Tropiano briefly summarized the history of the LGBT community in America and how the rest of society constructed it. Following World War II, members of the gay community were discriminated against for being in collusion with communist sympathizers, and it wasn’t until 1973 that the American Psychiatric Association removed homosexuality from its list of disorders.

One of the first references in television to the LGBT community came from a PBS newscast that attempted to explain what it means to be gay. Tropiano argued that many of the initial non-fiction reports on members of the gay community immediately categorized them and perpetuated today’s stereotypes on television.

“They had titles like ‘Homosexuals and the Problems That They Present,’ ‘Homosexuals Who Stalk and Molest Children,’ ‘Introduction to the Problem of Homosexuality’ because homosexuality was always considered a problem,” Tropiano said. “The stereotype of the homosexual child molester are two things that were often conflated and two things that are obviously very different.
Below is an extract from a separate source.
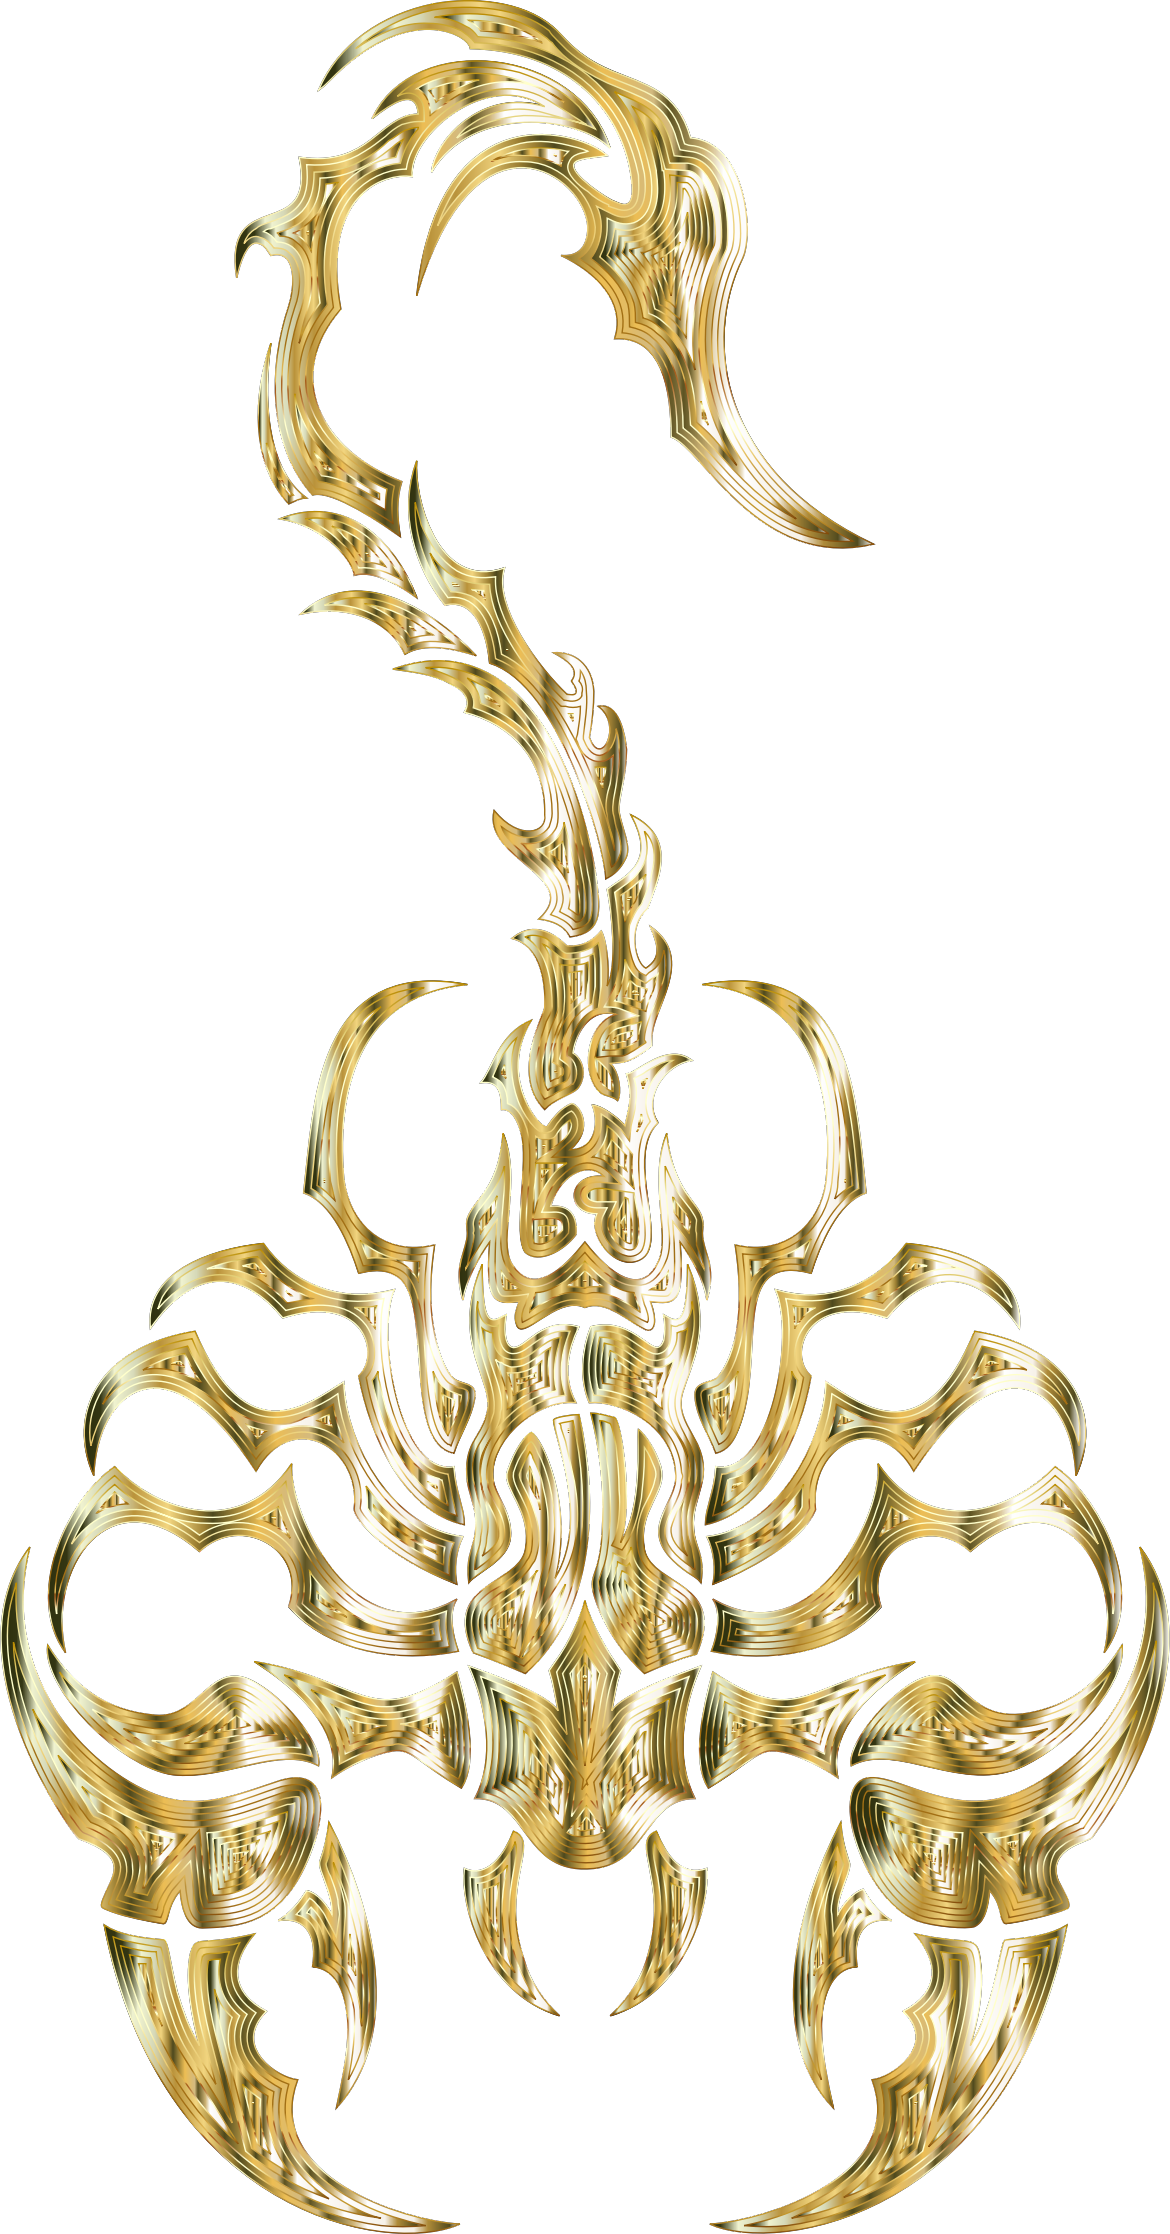 A Gold Scorpion On A Black Background

The idea of equating a homosexual with a pedophile actually continued when they dealt with the subject on television.”

Tropiano categorized the portrayal of members of the gay community in television into different genres. He further elaborated on how these portrayals harmed the LGBT community. He concluded this analysis of different genres by describing how they have played a role in both informing the public about differing sexualities as well as perpetuating the social myths surrounding the LGBT community.
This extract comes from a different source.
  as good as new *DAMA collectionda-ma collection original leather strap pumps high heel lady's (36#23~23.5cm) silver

“Television has played somewhat of a dual role because on one hand, it has perpetuated or promoted false social myths and stereotypes, but on the other hand, it has actually done a lot of good in terms of subverting it,” Tropiano said.
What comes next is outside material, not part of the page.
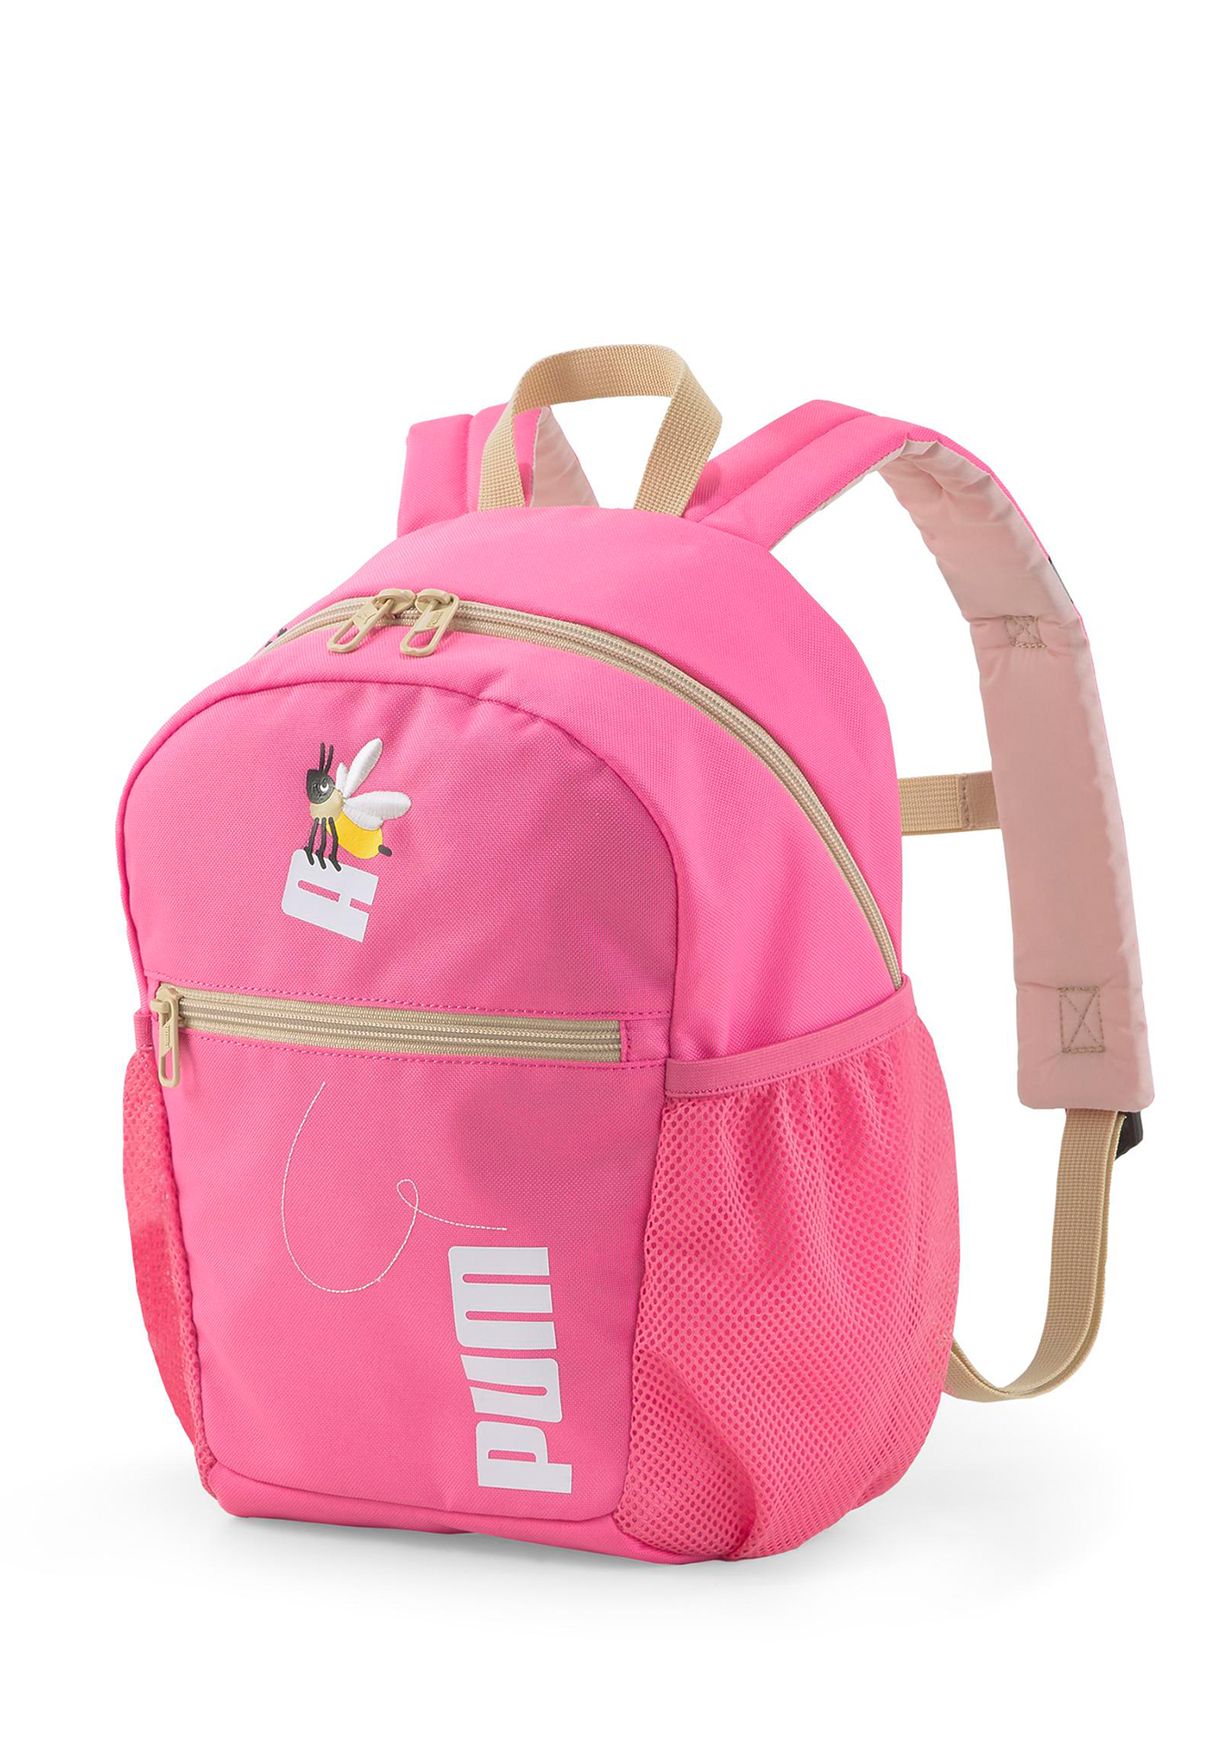 Kids Small World Backpack

In more recent representations of the LGBT community, controversy has arisen in television regarding what can and cannot be shown. Tropiano pointed to edgier dramas like Soap and Picket Fences to illustrate some of the problems that arose with the portrayal of the LGBT community.

“One of the problems that shows ran into with gay characters was [that] if you are going to put a gay character as a regular on a show -— and that began in the 1970s — that presents sort of a problem, because you couldn’t do what you could do with a heterosexual with a gay man or even a lesbian,” Tropiano said.

As Tropiano moved into more modern issues in streaming services and the internet, a discussion emerged on how the LGBT community is depicted in the current media space. Tropiano explained that increased LGBT representation has occurred because of the creative freedom that streamed shows have that broadcast shows do not and also because of the changing culture.

“The reason why people are flocking to Amazon and Hulu as well as HBO and so on is they are given more creative freedom,” Tropiano said. “They aren’t looking over people’s shoulders. I also do think part of it is because the culture has changed, and I think that society has changed.”